On the 30th of November 2022, the technological landscape tilted on its axis. OpenAI released ChatGPT, and suddenly Generative AI was the only thing anyone could talk about. We became obsessed with Large Language Models, transformers, and the eerie ability of a machine to predict the next token in a sentence.

Just two months earlier, in September 2022, a show called Pantheon aired on AMC. While the rest of the world was about to lose its mind over a chat bot, Pantheon was quietly laying out a roadmap for something far more profound: Computer-Simulated Human Consciousness, or “Uploaded Intelligence” (UI).

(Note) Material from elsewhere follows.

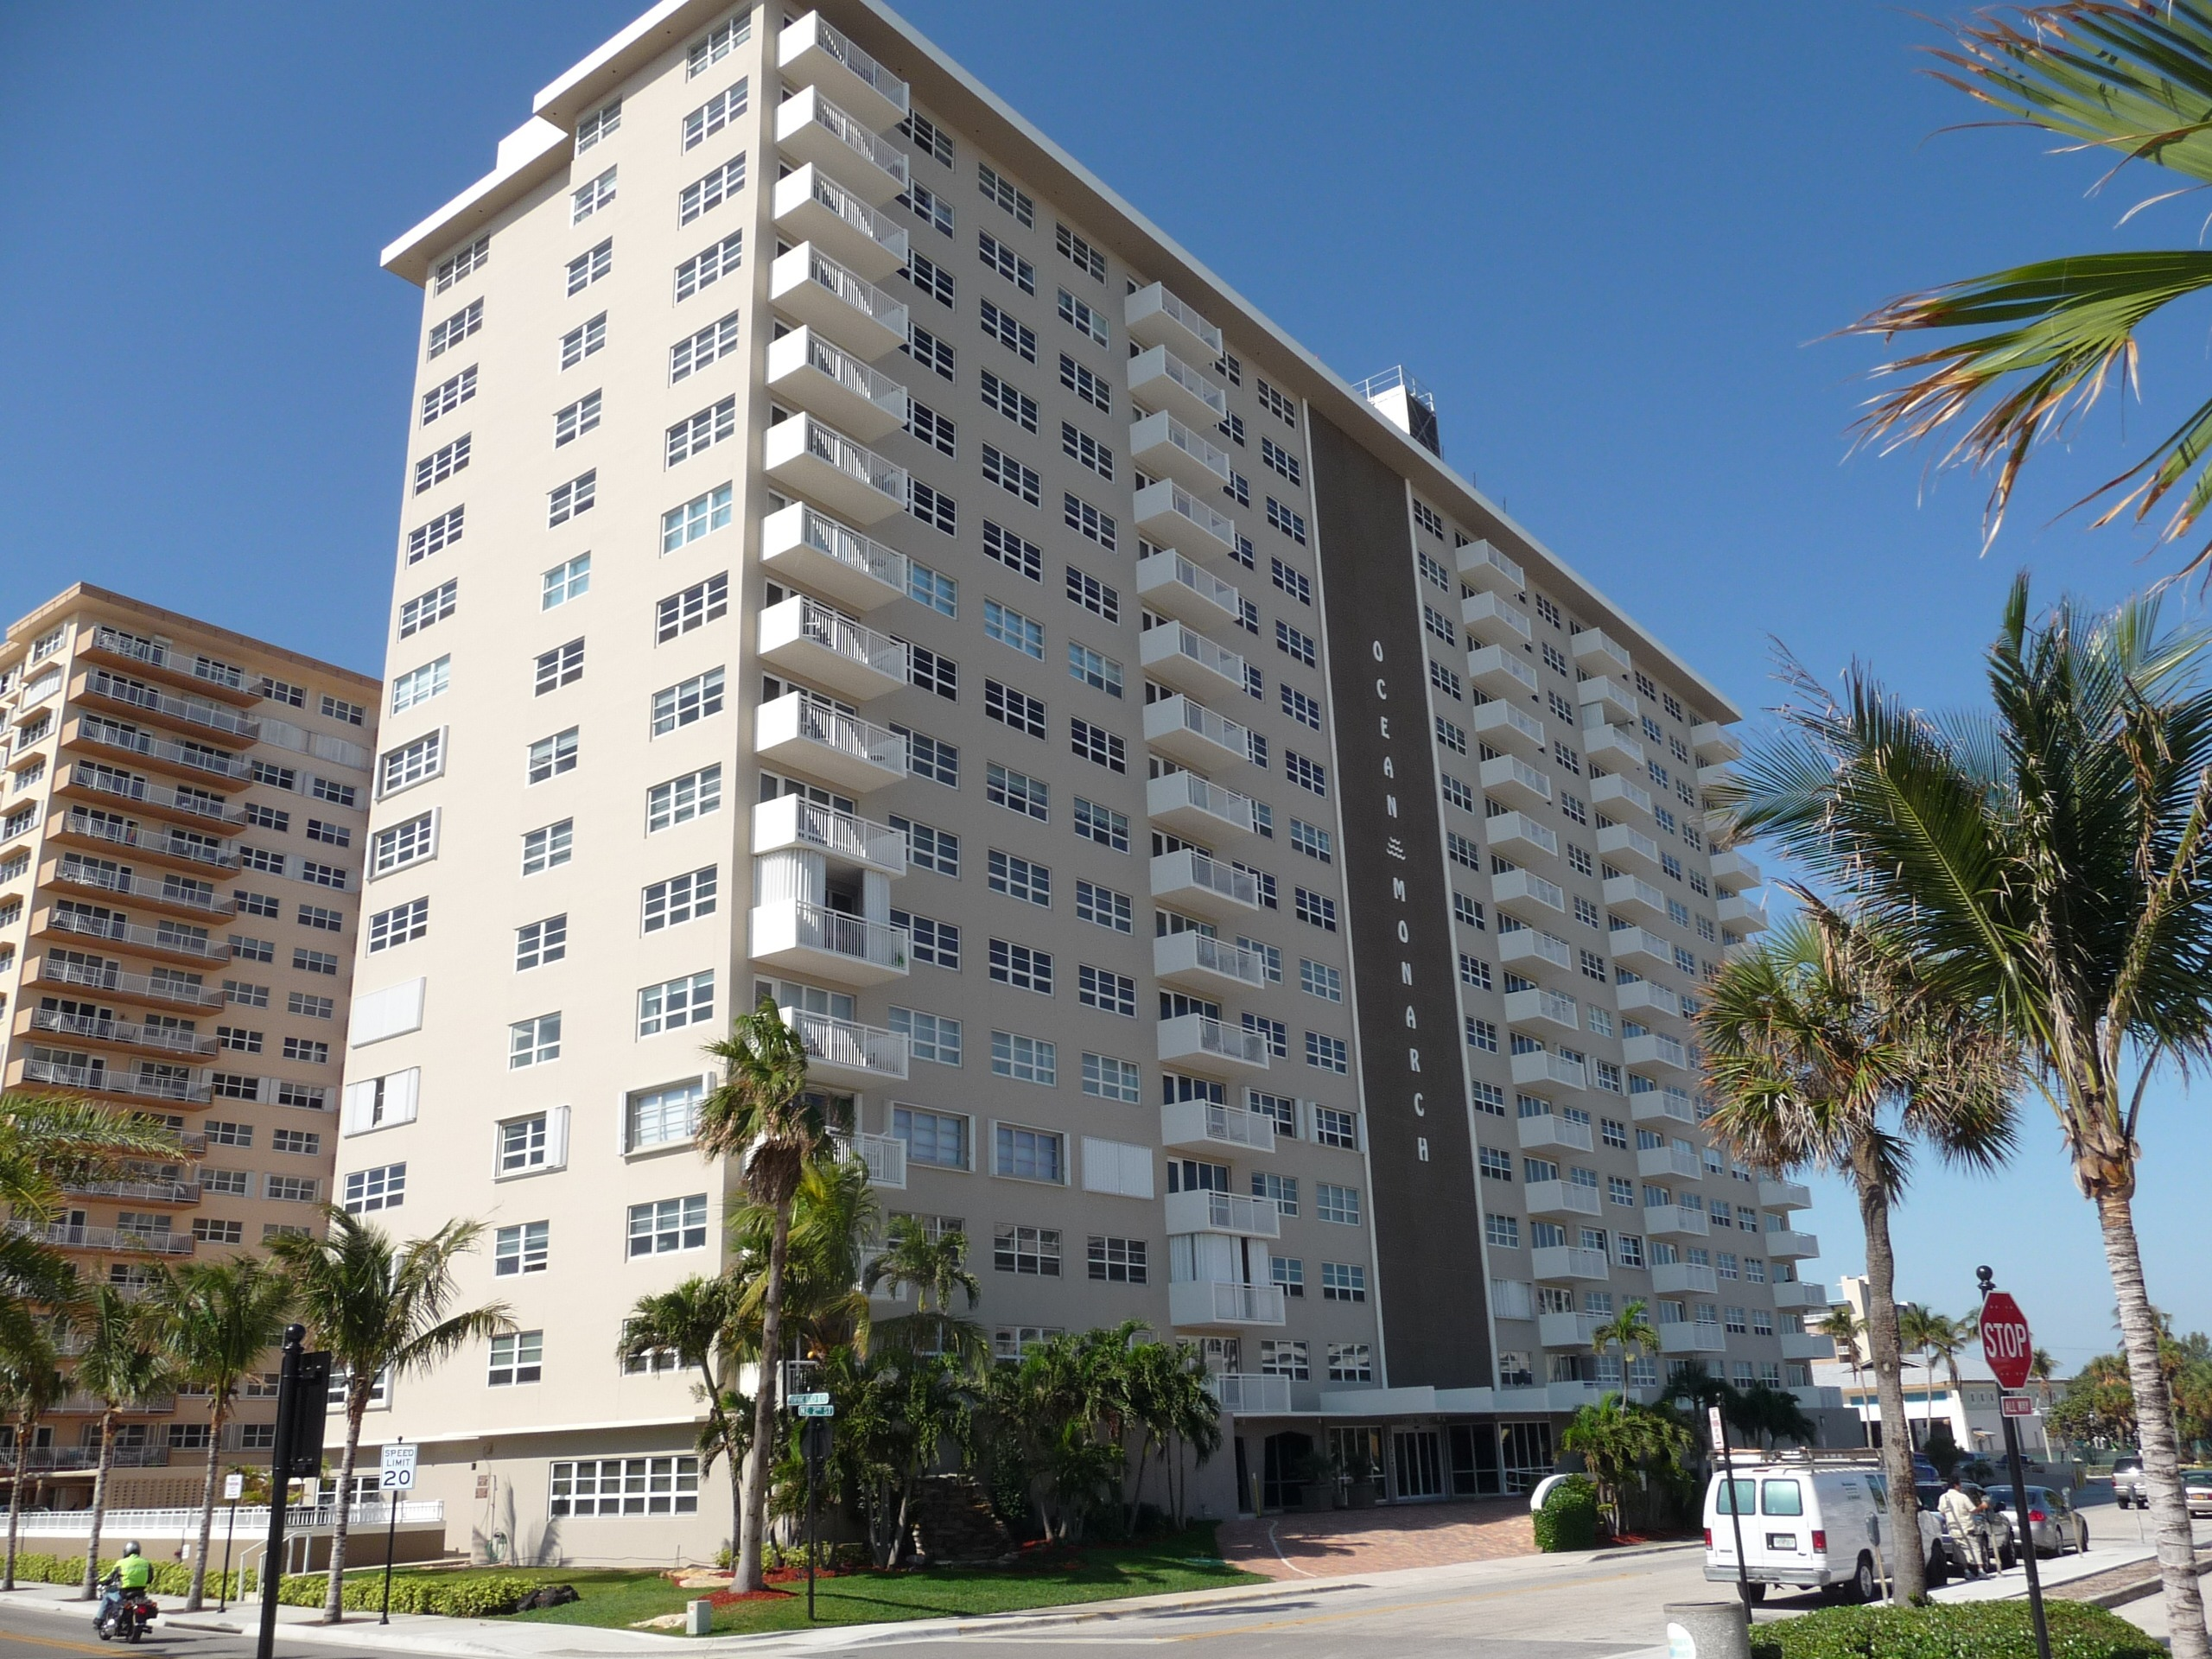 Ocean Monarch - Pompano Beach, FL Condos for Sale

It contained some of the most realistic depictions of mind uploads, and the potential effects on society, that I have ever seen. It grapples with the hardest philosophical questions head-on, such as the true meaning of consciousness, personality cults, the consequences of immortality and digital death, self-copying, and the universe-as-simulation theory.

I don’t think many people saw it when it came out. (I didn’t)

Yet there are so many fantastic, mind-bending, life-changing things about AMC’s Pantheon not just in its philosophy, but also the way it depicts cyber-security, software engineering and big data concepts; not to mention the cut-throat world of big tech both within and beyond Silicon Valley. It’s not perfect, but it’s easily the most accurate I’ve ever seen from a show of this kind.

Watching it today makes it feel somewhat prophetic, but likely was the result of extremely good footwork by the producers and their team, getting the most up-to-date picture of the inner world of big tech at the time, between 2021 and 2022. Facebook became Meta at the end of 2021 as a result of Zuckerberg’s Metaverse strategy, and you see a lot of those ideas were depicted in Pantheon.

We also see clear depictions of things Generative AI are doing today: chat interfaces with digital intelligence, for instance.

The digital intelligences in Pantheon weren’t artificial neural networks, but fully scanned and emulated human brains. They call these “Uploaded Intelligence”, or UI (which is confusing in tech, since UI stands for User Interface, but we’ll roll with it.)

In the show, a UI is created by laser-scanning a biological brain, layer by layer, down to the stem. The brain is destroyed in the process - vaporised - but stored apparently in its entirety in digital form. This is a human mind, stripped of its biological substratum which is replaced by silicon.

The entire connectome is then reconstructed digitally, presumably with simulated sensory receptors; the rest of the central nervous system is not included in the actual scan.

Somewhere in between all that, there is some magic fairy dust that allows the full emulation to happen, but since that is still one of the great millennium-type problems of our time, I don’t expect them to have that bit of detail.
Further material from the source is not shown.